Austerity generally refers to a policy tool used by central banks to achieve macroeconomic objectives.
This is when the economy is overheating, aggregate demand is greater than aggregate supply, inflation in the economy, the use of tight monetary policy.
The popular meaning is: THE government thinks there is too much money in circulation and wants to reduce the monetary policy adopted a bit!
The tight monetary policy generally means that when the economy has inflation, the central government will raise interest rates to curb consumption growth and control the excessive growth of prices, so as to control inflation.
The central bank will adopt a tight monetary policy in order to reduce investment and compress demand by controlling the rise.
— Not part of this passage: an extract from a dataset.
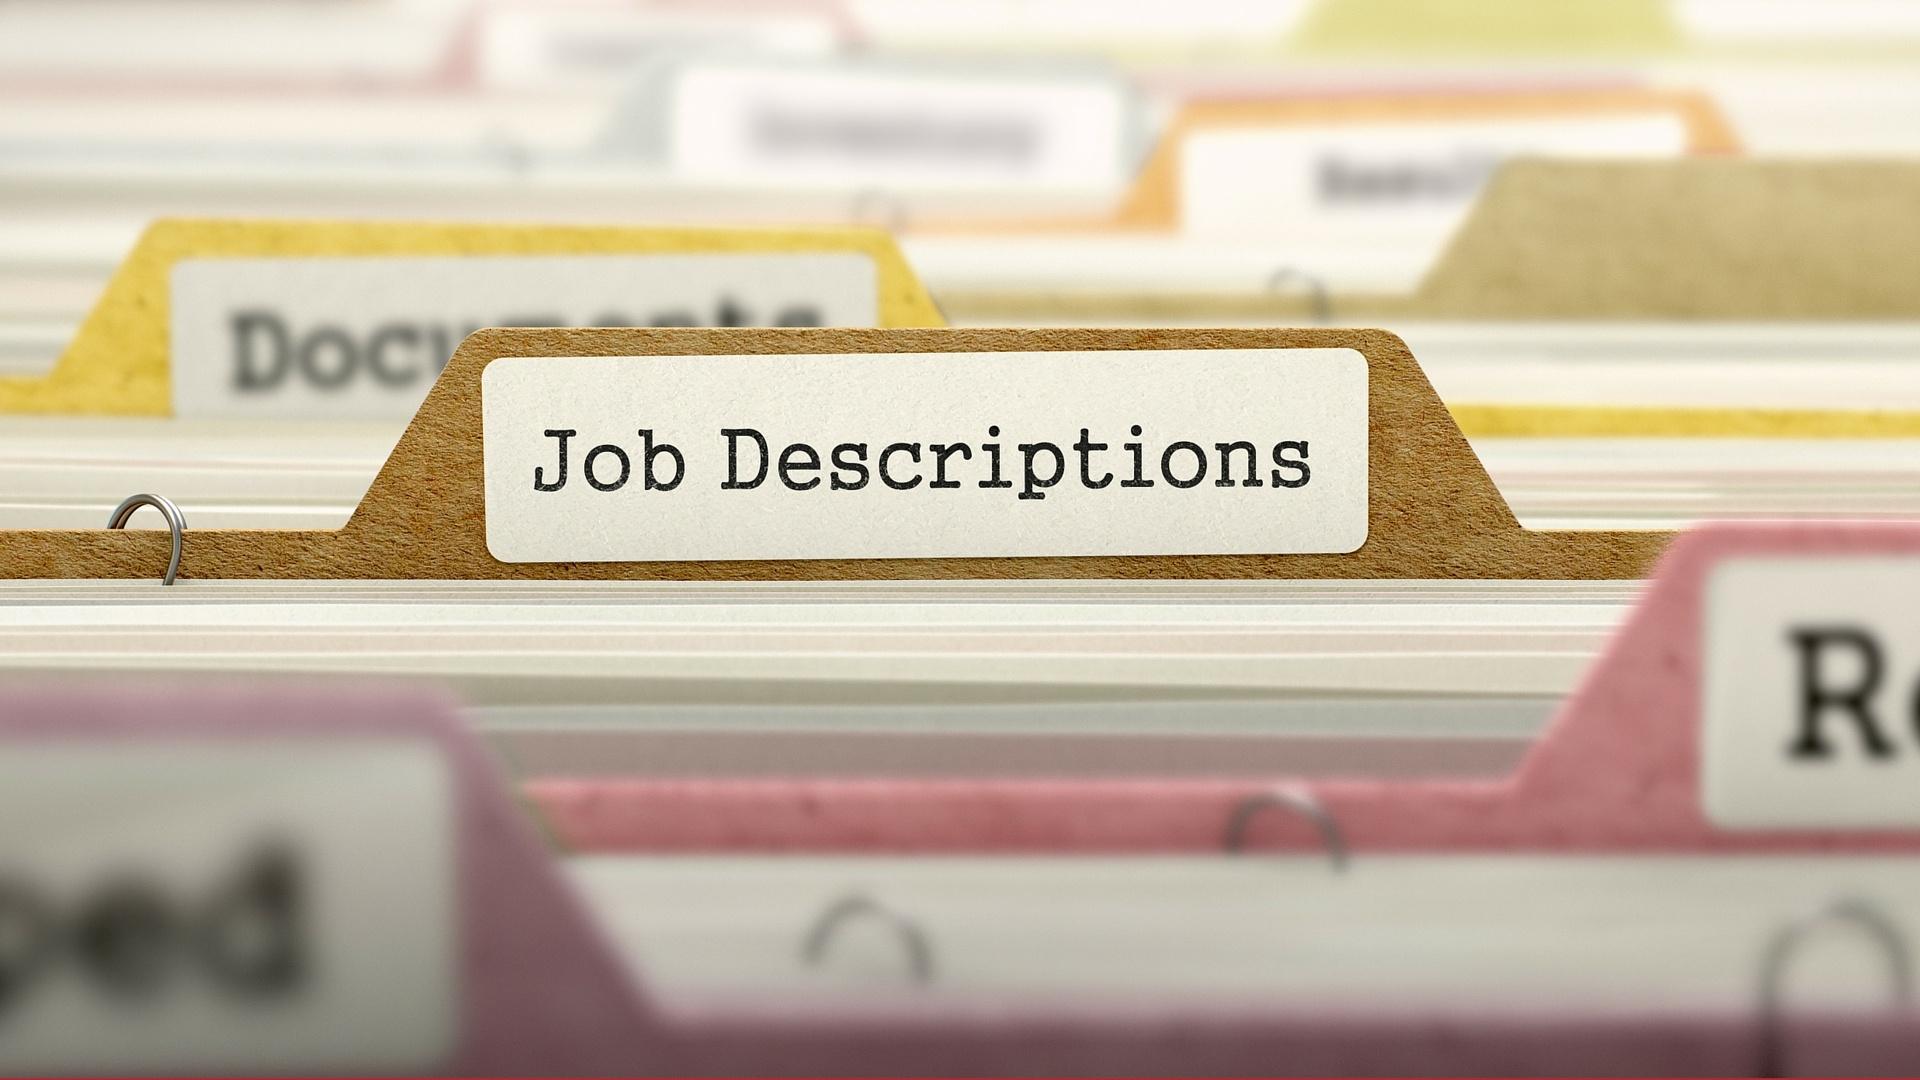 5-Tips-to-Writing-an-Effective-Job-Post.jpg
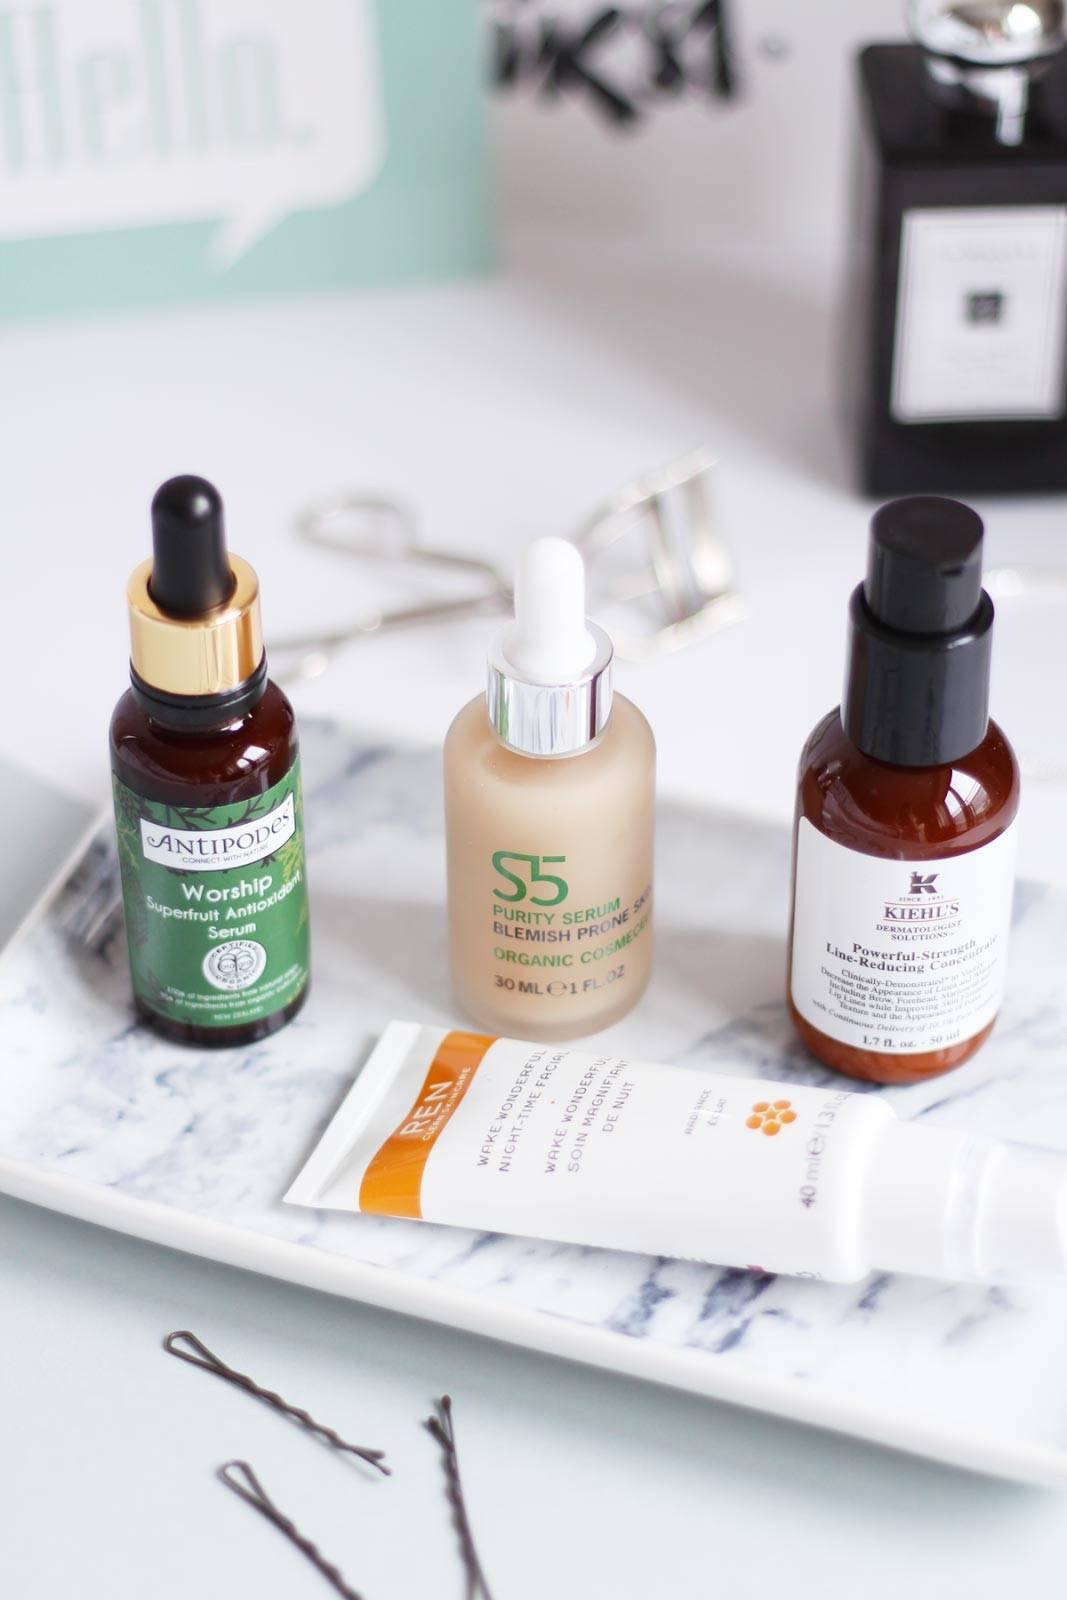 brightening-skin-treatments-antipodes-worship-ren-wake-wonderful-s5-purity-serum-kiehls-line-reducing-concentrate

The decline of aggregate demand will make aggregate supply and demand tend to balance and decrease.
1. Expansionary Expansionary monetary policy is to stimulate aggregate demand by increasing the growth rate of money supply. Under this policy, credit is easier to obtain and interest rate will be reduced.
Thus, an expansionary monetary policy is most appropriate when aggregate demand is low relative to the productive capacity of the economy.
2. Contractionary monetary policy is to reduce the level of aggregate demand by cutting the growth rate of money supply. Under this policy, it is more difficult to obtain credit and the interest rate increases accordingly.
Therefore, when inflation is serious, it is more appropriate to adopt a contractionary monetary policy.